Deploy Inference for Gemma

In this tutorial, we will create a model endpoint for Gemma model. Currently, we provide 4 Variants: 2B, 2B-it, 7B, and 7B-it. In this tutorial, we will deploy the model endpoint for 2B-it variant. The same step will work for other variants.

The tutorial will mainly focus on the following:

Model Endpoint creation for Gemma 2B-IT using prebuilt container

When a model endpoint is created in TIR dashboard, in the background a model server is launched to serve the inference requests.

TIR platform supports a variety of model formats through pre-buit containers (e.g. pytorch, triton, llma, mpt etc.).
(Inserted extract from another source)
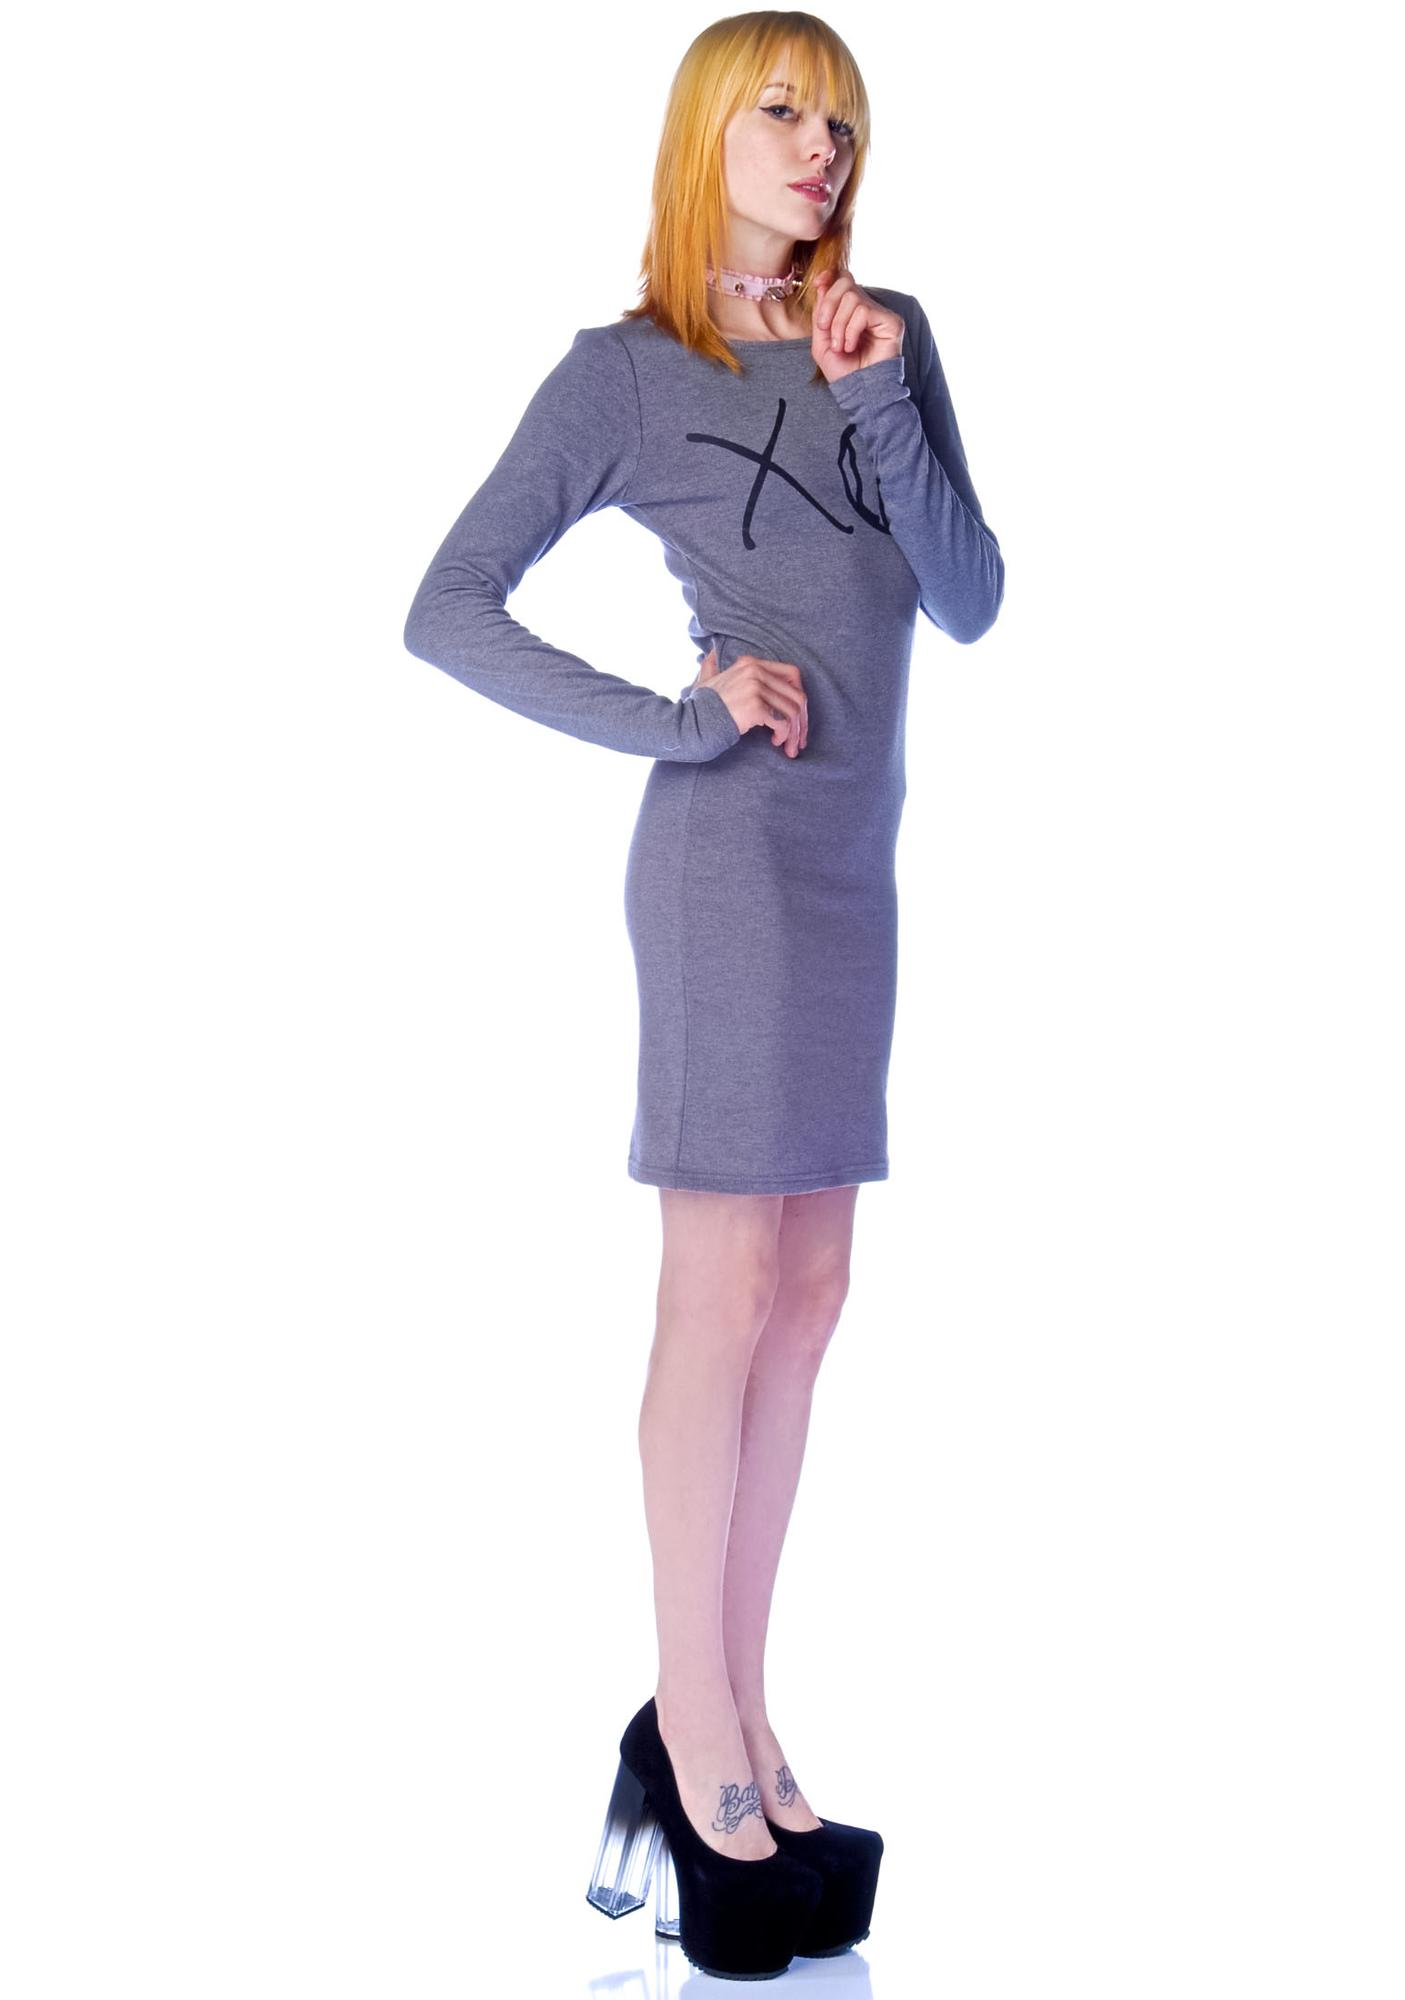 Sauce XO Tight Dress
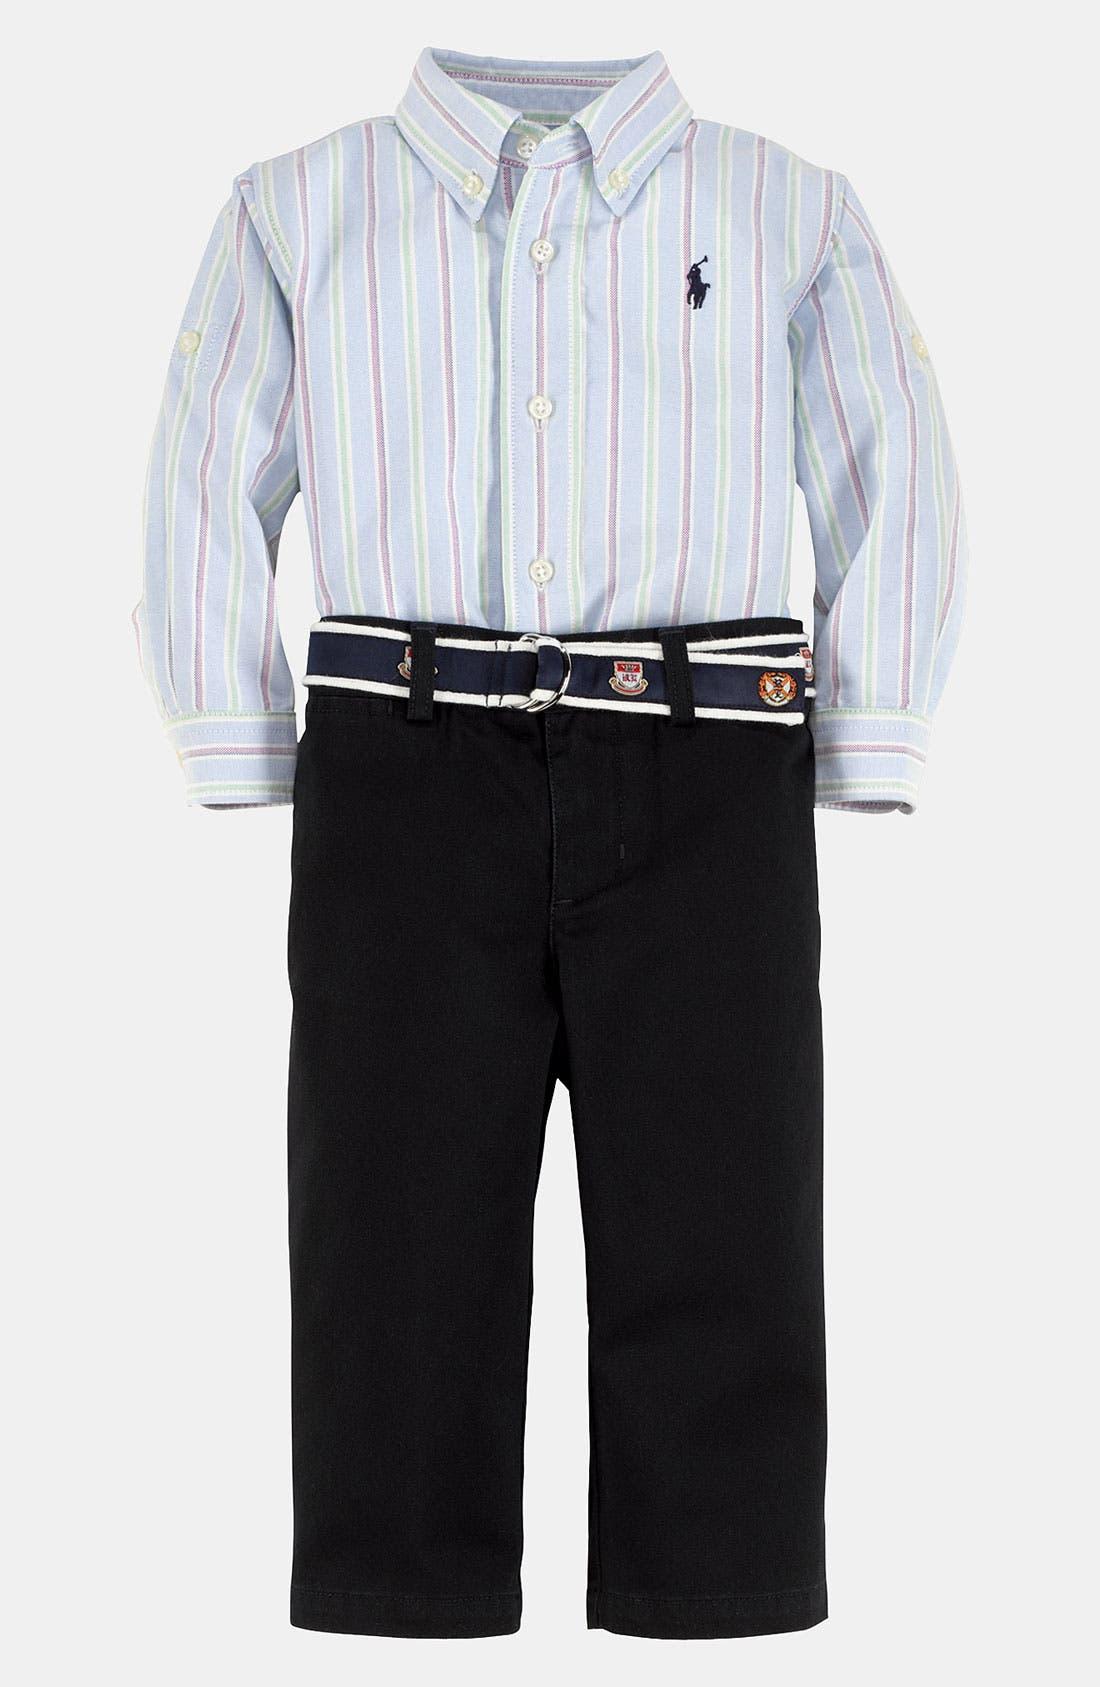 Alternate Image 1 Selected - Ralph Lauren Stripe Shirt & Pants (Infant)

For the scope of this tutorial, we will use pre-built container (Gemma 2B-IT) for the model endpoint but you may choose to create your own custom container by following this tutorial .

In most cases, the pre-built container would work for your use case. The advantage is you won’t have to worry about building an API handler. API handler will be automatically created for you.

Steps to create inference endpoint for Gemma 2B-IT model:

Step 1: Create a Model Endpoint

  • Go to TIR Dashboard

  • Choose a project

  • Go to Model Endpoints section
    ../../_images/tir-dash-model-endpoints.png
  • Create a new Endpoint
    ../../_images/tir-create-endpoint.png
  • Choose Gemma 2B-IT model card
    ../../_images/inference-gemma-2b-it-dashboard.png
  • Pick a suitable GPU plan of your choice & set the replicas

  • Setting Environment Variables
    ../../_images/inference-gemma-2b-it-env-var.png
    Compulsory Environment Variables

    Note: Gemma is a Gated Model; you will need permission to access it. The model checkpoint will be downloaded from Kaggle. Follow these steps to get access to the model

    ../../_images/inference-gemma-kaggle-request-access.png
    • Go to Account Settings > API > Create New API Token once approved.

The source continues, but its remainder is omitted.